RM Vaskuler dan Aldosteron pada Perkembangan Inflamasi Vaskuler
Fungsi sel T juga berperan penting dalam inflamasi plak aterosklerotik dan
dimodulasi oleh RM. Aktivasi RM melalui pemberian fludrocortisones pada subyek
manusia sehat dapat menurunkan jumlah sel T CD4+ dan CD8+ naif dan meningkatkan
ekspresi sel T dari CXCR4, reseptor homing sumsum tulang, dan CD26L dan CCR7,
protein yang terlibat dalam migrasi ke nodus limfe (41). Induksi hipertensi pada tikus
melalui pemberian deoksikortikosteron asetat dan garam untuk mengaktivasi RM
menyebabkan peningkatan bagian Th17 dari sel T sebagaimana yang ditunjukkan pada
peningkatan IL-17 dan penurunan ekspresi forkhead box P3 pada darah perifer,
jantung, dan ginjal. Efek tersebut dapat dibalikkan dengan terapi spironolakton. Hal itu
menunjukkan bahwa RM berperan dalam aktivasi sel Th17 pada kondisi hipertensi (42),
walaupun hal tersebut mungkin terjadi melalui kerja RM pada sel dendritik dibandingkan
pada sel T (43).
(1) Aldosteron menginduksi inflamasi sistemik dalam kondisi yang diperngaruhi faktor-
faktor risiko kardiovaskuler. (2) sebagai respon terhadap kerusakan endotel, aldosteron
bekerja pada RM sel endotel untuk menginduksi sitokin dan ekspresi molekul adhesi.
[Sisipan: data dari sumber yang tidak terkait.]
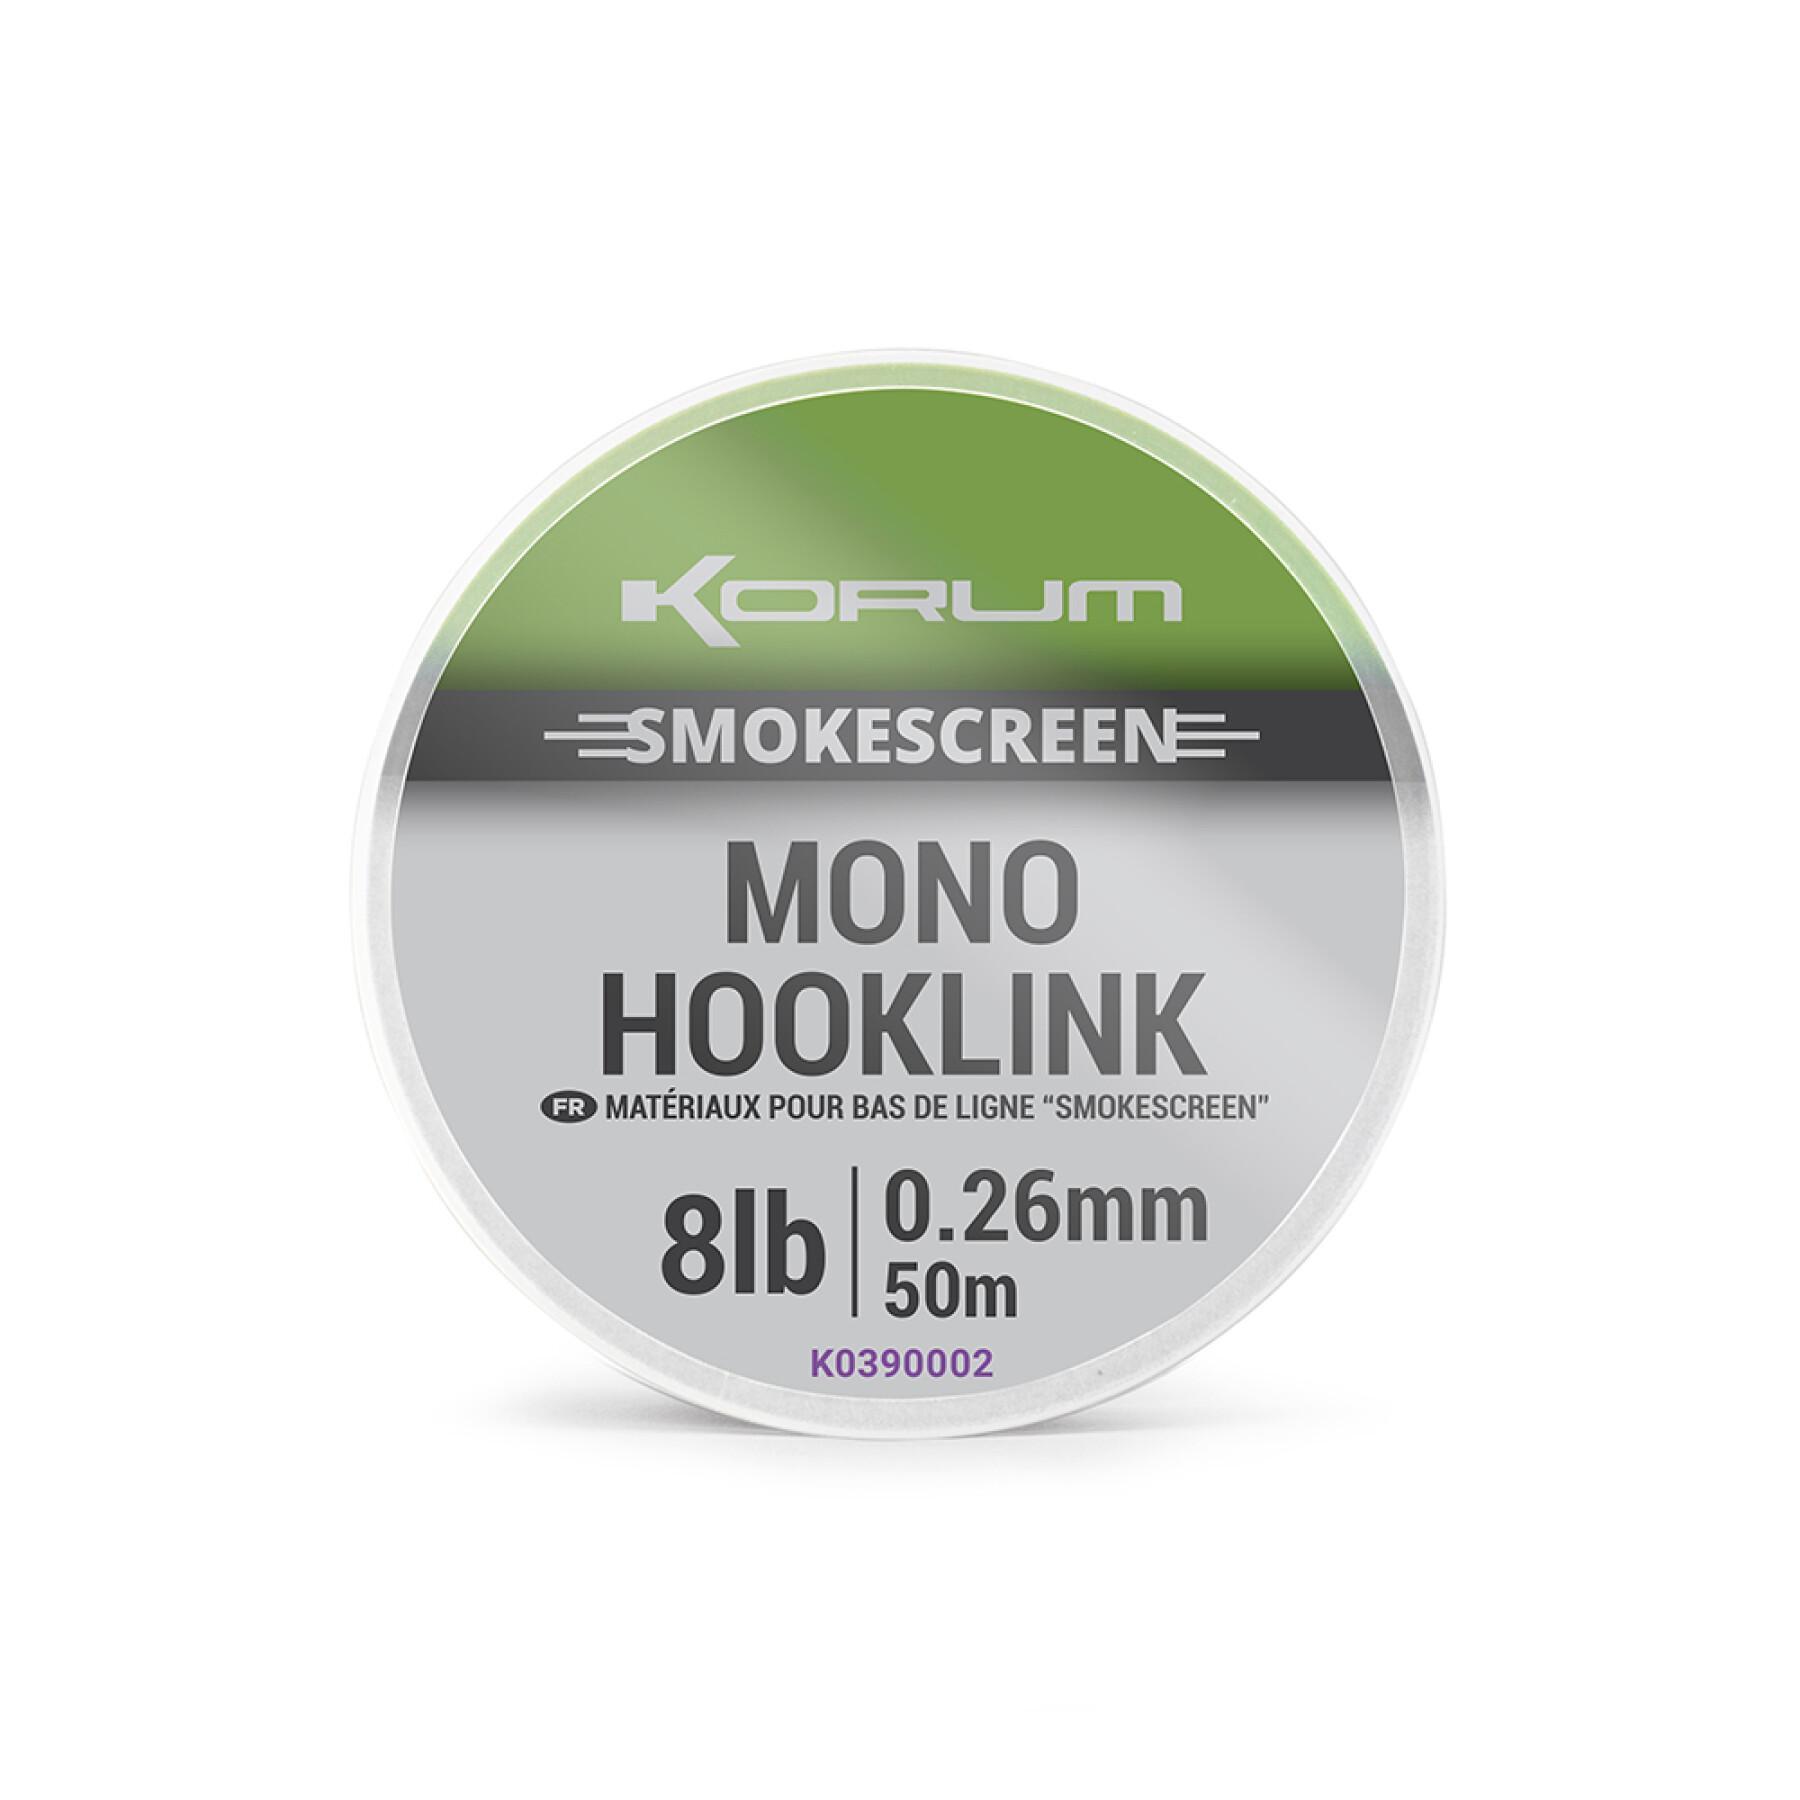 Link Korum smokescreen mono hooklink

(3) Sitokin yang diproduksi oleh endotel dan sel otot polos di bawahnya akan
menginduksi ekspresi molekul adhesi sel endotel dan penarikan, adhesi, dan
transmigrasi leukosit. (4) Aldosteron juga bekerja pada RM sel endotel untuk
menginduksi penyusunan kembali sitoskeleton aktin yang mungkin memfasilitasi
transmigrasi leukosit. (5) RM myeloid menginduksi produksi ROS dan aktivasi dan
polarisasi makrofag untuk fenotipe M1. (6) RM menginduksi ekspresi sel T penanda
homing dan diferensiasi menjadi Th17. (7) aktivasi aldosteron oleh RM netrofil
menginduksi produksi MMP-9 yang dapat memicu rupturnya plak aterosklerotik.